[[ Data provided, beginning ]]

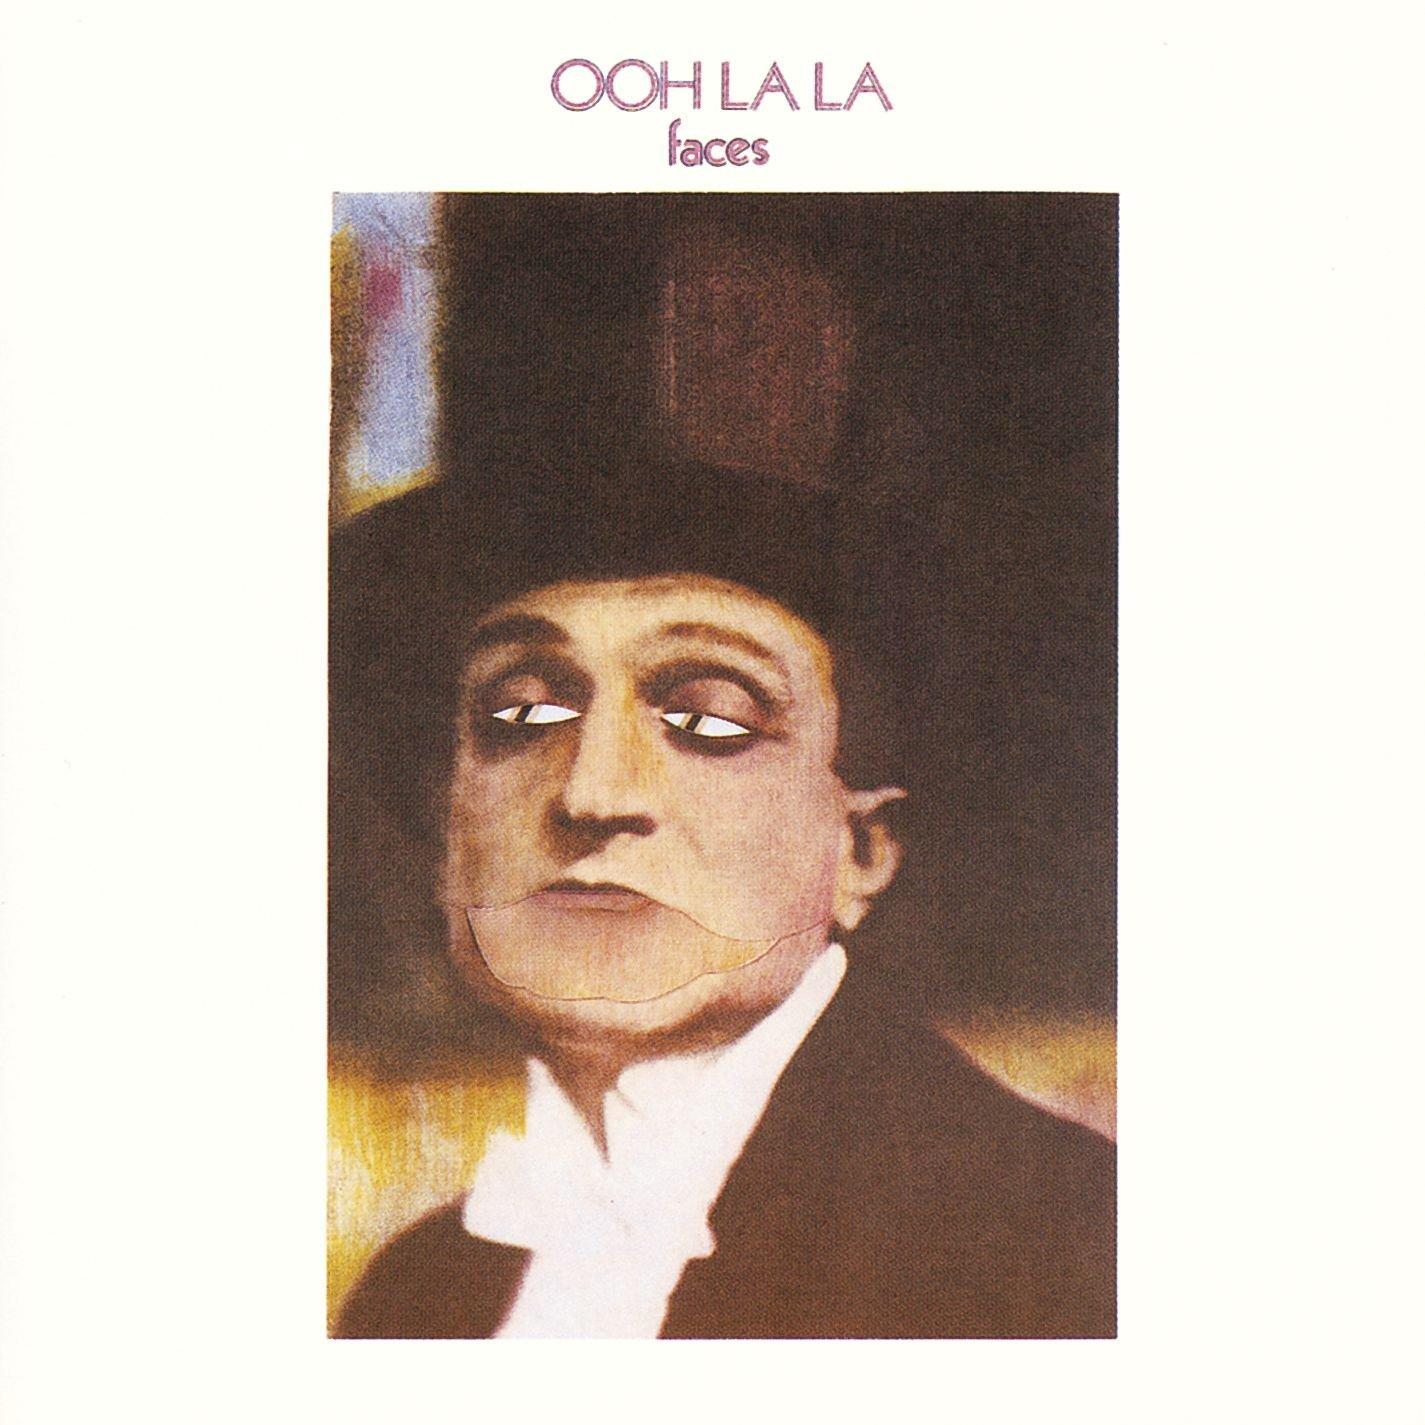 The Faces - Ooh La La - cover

[[ Data provided, end ]]
[[ Data provided, beginning ]]

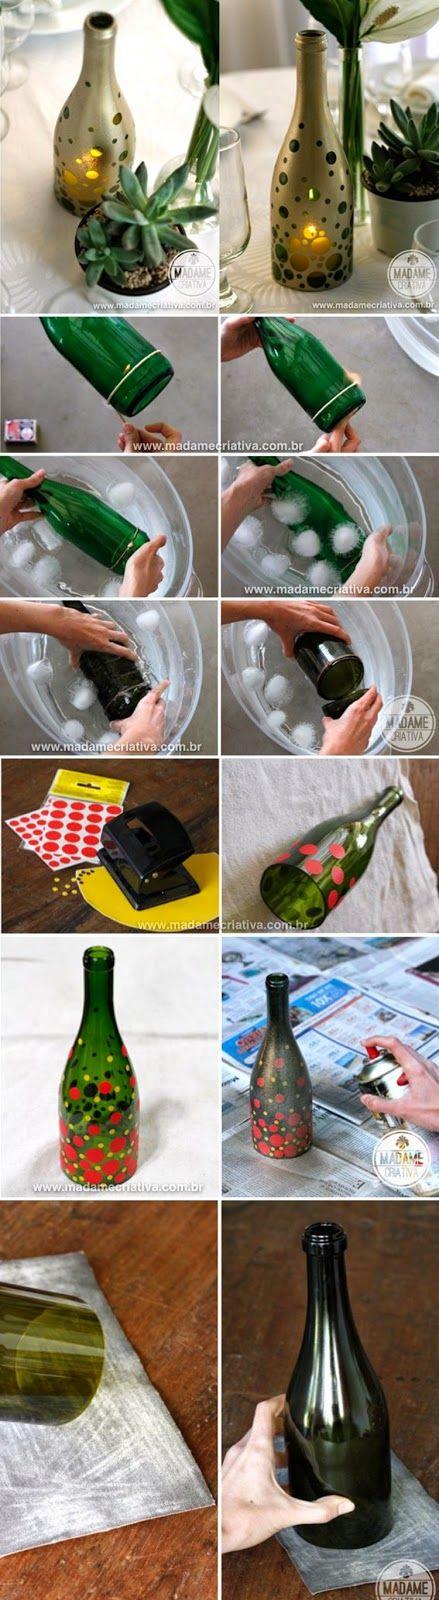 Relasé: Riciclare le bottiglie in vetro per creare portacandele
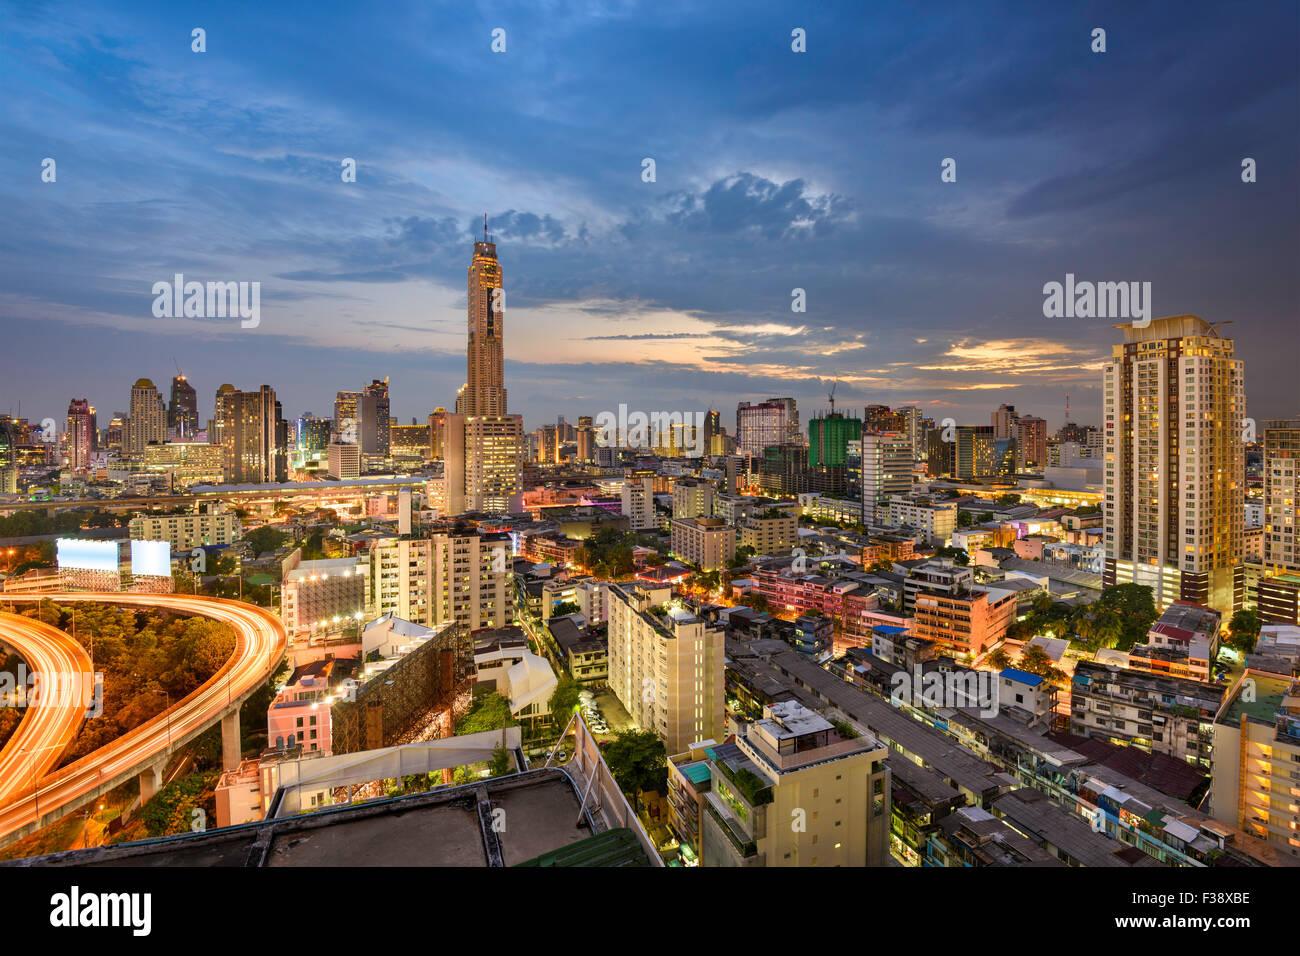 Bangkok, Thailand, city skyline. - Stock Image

[[ Data provided, end ]]
[[ Data provided, beginning ]]

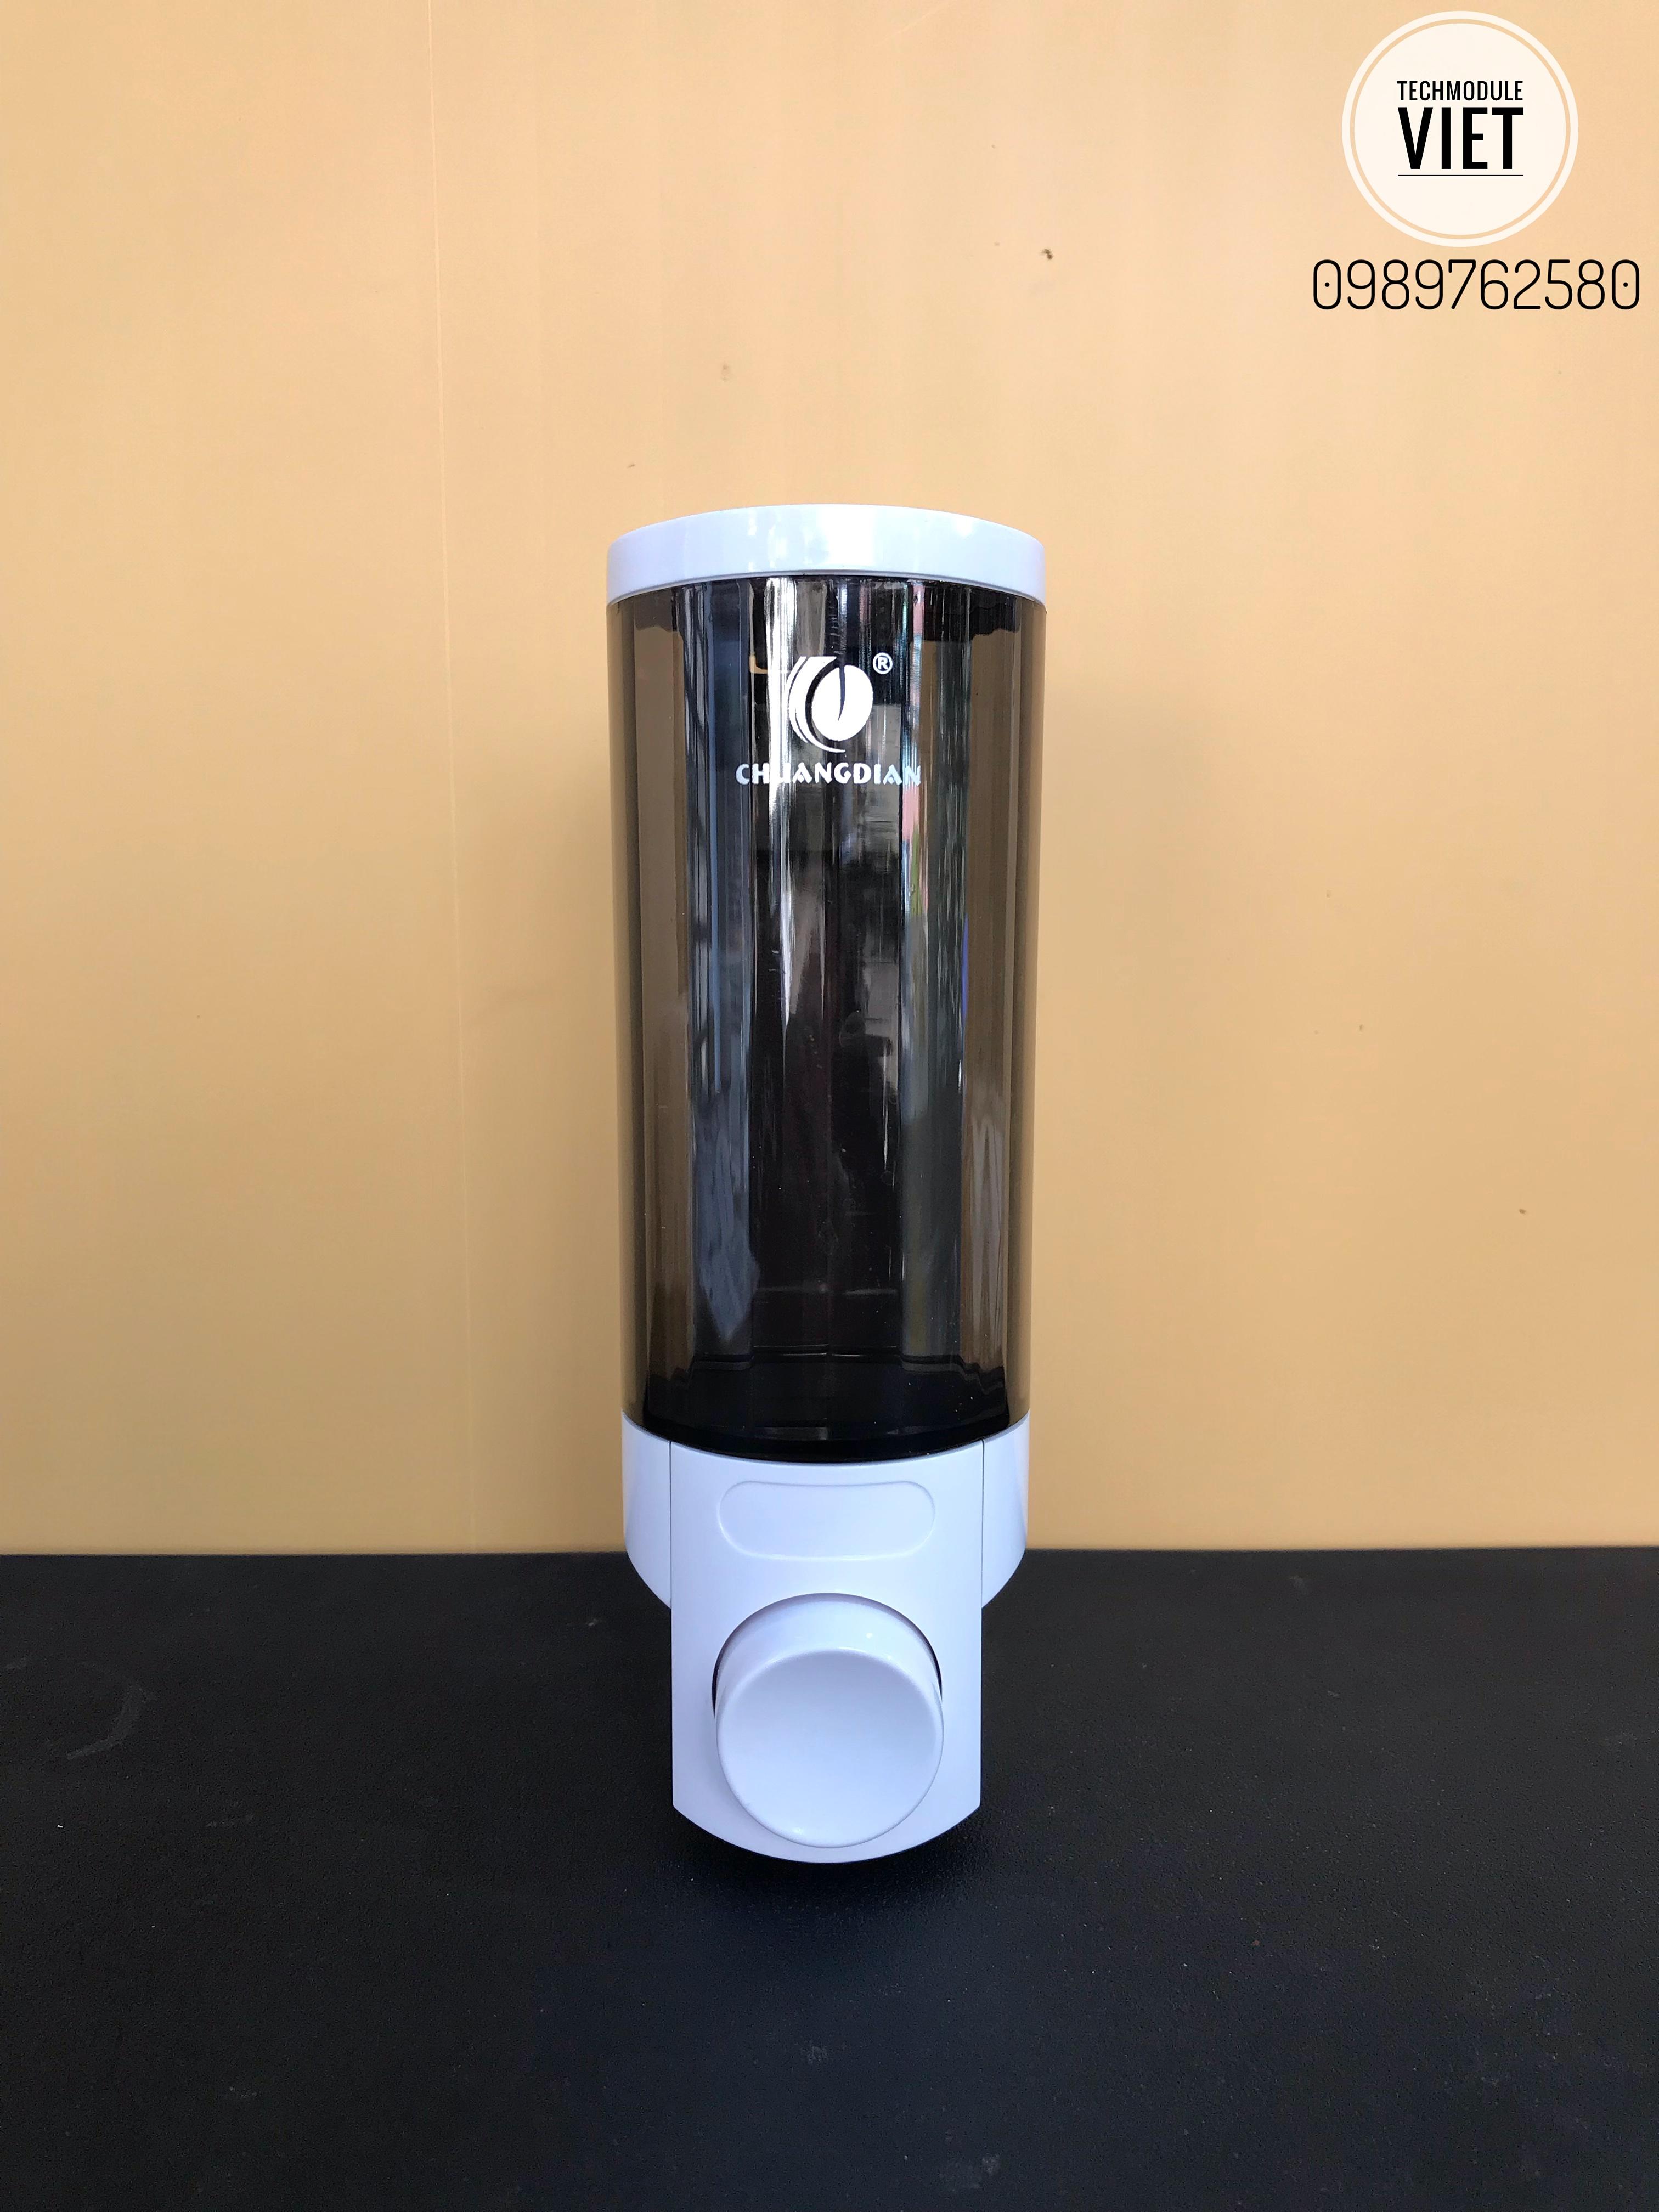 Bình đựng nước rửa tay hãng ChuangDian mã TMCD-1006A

[[ Data provided, end ]]

**Your goal**
Starting with the line above that holds "Relasé: Riciclare le", restate each line word for word up to and including the line that holds "Bangkok, Thailand, city". Drop the pictures.

**Exercise solution**
 Relasé: Riciclare le bottiglie in vetro per creare portacandele
 Bangkok, Thailand, city skyline. - Stock Image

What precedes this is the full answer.